Forests of Uncertaint(r)ees: Using tree-based ensembles to estimate probability distributions of future conflict

TL;DR

This work tackles forecasting fatalities from armed conflict at fine spatial-temporal resolution by shifting from point predictions to predictive distributions. It implements a modular AutoML pipeline built from tree-based distributional classifiers and regressors in a hurdle framework, integrated with regional (local) ensembles to handle data heterogeneity. Across six test windows, the approach generally outperforms history-based benchmarks on distributional metrics, with insights into how zero-inflation shapes evaluation and the value of regional data integration. The study highlights practical pathways to actionable uncertainty estimates for early-warning systems and outlines directions for incorporating broader data sources and selective prediction strategies.

Abstract

Predictions of fatalities from violent conflict on the PRIO-GRID-month (pgm) level are characterized by high levels of uncertainty, limiting their usefulness in practical applications. We discuss the two main sources of uncertainty for this prediction task, the nature of violent conflict and data limitations, embedding this in the wider literature on uncertainty quantification in machine learning. We develop a strategy to quantify uncertainty in conflict forecasting, shifting from traditional point predictions to full predictive distributions. Our approach compares and combines multiple tree-based classifiers and distributional regressors in a custom auto-ML setup, estimating distributions for each pgm individually. We also test the integration of regional models in spatial ensembles as a potential avenue to reduce uncertainty. The models are able to consistently outperform a suite of benchmarks derived from conflict history in predictions up to one year in advance, with performance driven by regions where conflict was observed.

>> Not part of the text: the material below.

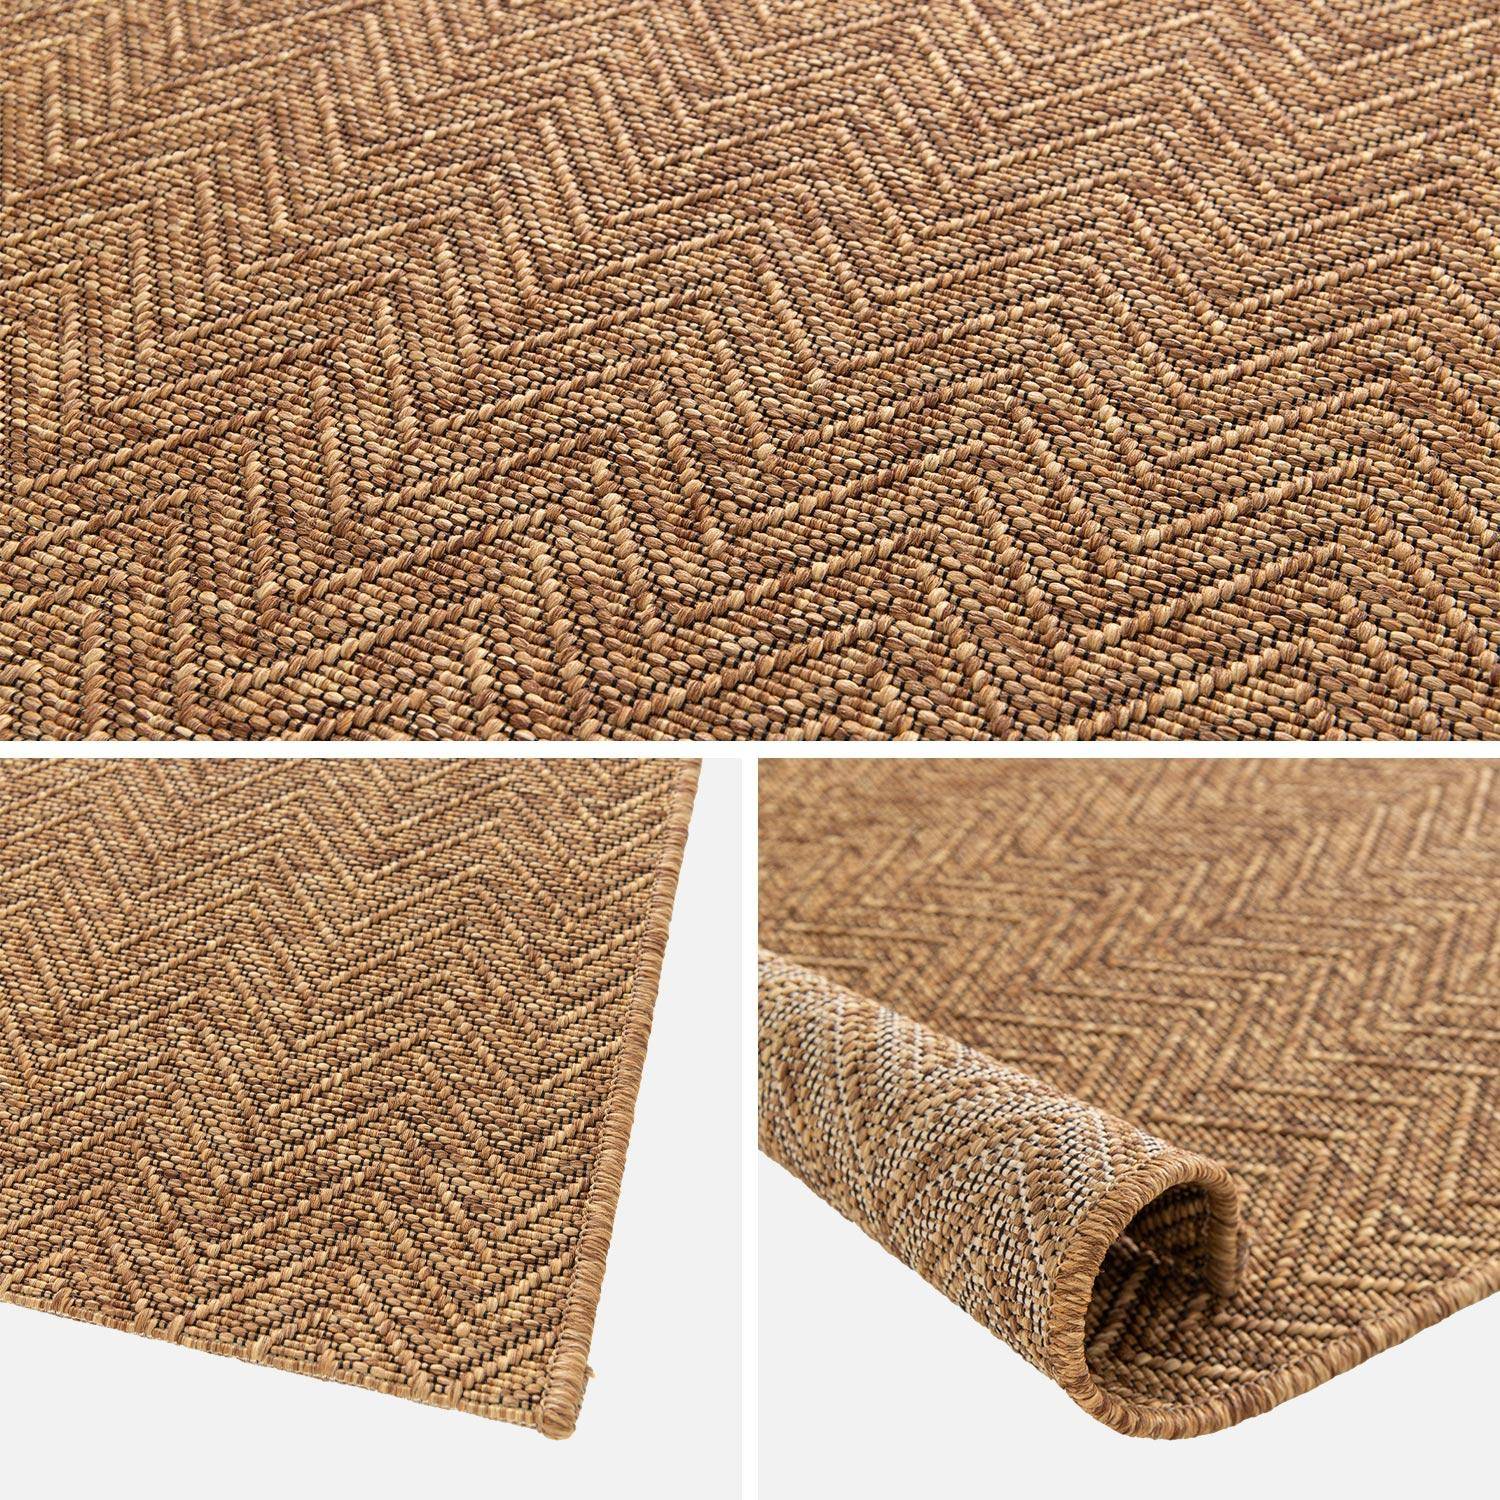 Jute-effect indoor/outdoor carpet in caramel, Oliver, 120 x 170 cm Photo5

With our evaluation, we emphasize the need to understand how a metric behaves for a given prediction problem, in our case characterized by extremely high zero-inflatedness. While not resulting in better predictions, the integration of smaller models does not decrease performance for this prediction task, opening avenues to integrate data sources with less spatial coverage in the future.

Paper Structure

This paper contains 17 sections, 2 equations, 4 figures, 3 tables.

Figures (4)

  • Figure 1: Visualization of the creation process of the clusters for local models. a) clusters created by manually tuned HDBSCAN algorithm with corresponding polygons; b) clusters after merging of smaller clusters with updated polygons; c) final clusters with grid-cells without violence assigned. Grid cells shown in a) and b) are those experiencing any violence in the training data (1990-2017). Black grid cells displayed in a) and b) are not assigned to any clusters by HDBSCAN initially.
  • Figure 2: Prediction intervals for example grid cells based on 2018 predictions from the global model, compared to the observed number of fatalities and a maximum a posteriori (MAP) estimate for the predictive distributions. MAP estimates are calculated as the maximum of the probability density function estimated via Gaussian kernel density estimation. 25%, 50%, 75%, 90%, and 95% prediction intervals are only drawn if upper boundaries are not zero. Figures 2b) and 2c) also include the extreme boundaries (min/max) of the corresponding samples.
  • Figure 3: Value ranges of CRPS scores for one year of simulated actuals and predictions, with varying noise and “accuracy”. Actuals are simulated with zero-inflatedness matching the training data, and values drawn from an estimated PDF based on non-zero observations < 1000 fatalities. Predictions are drawn from a poisson distribution with mean and variance equal to the corresponding actual. “Accuracy” ($\alpha$) less than 1 means a share of non-zero samples was replaced with all-zero predictions. Noise ($n$) means actuals were shifted by $50n\varepsilon$before creating the samples, with $\varepsilon$ randomly drawn from a uniform distribution between -1 and 1.
  • Figure 4: Comparison of model-wide scores with scores based on grid cells grouped by individual countries for the three distributional metrics: CRPS (a), MIS (b), and IGN (c).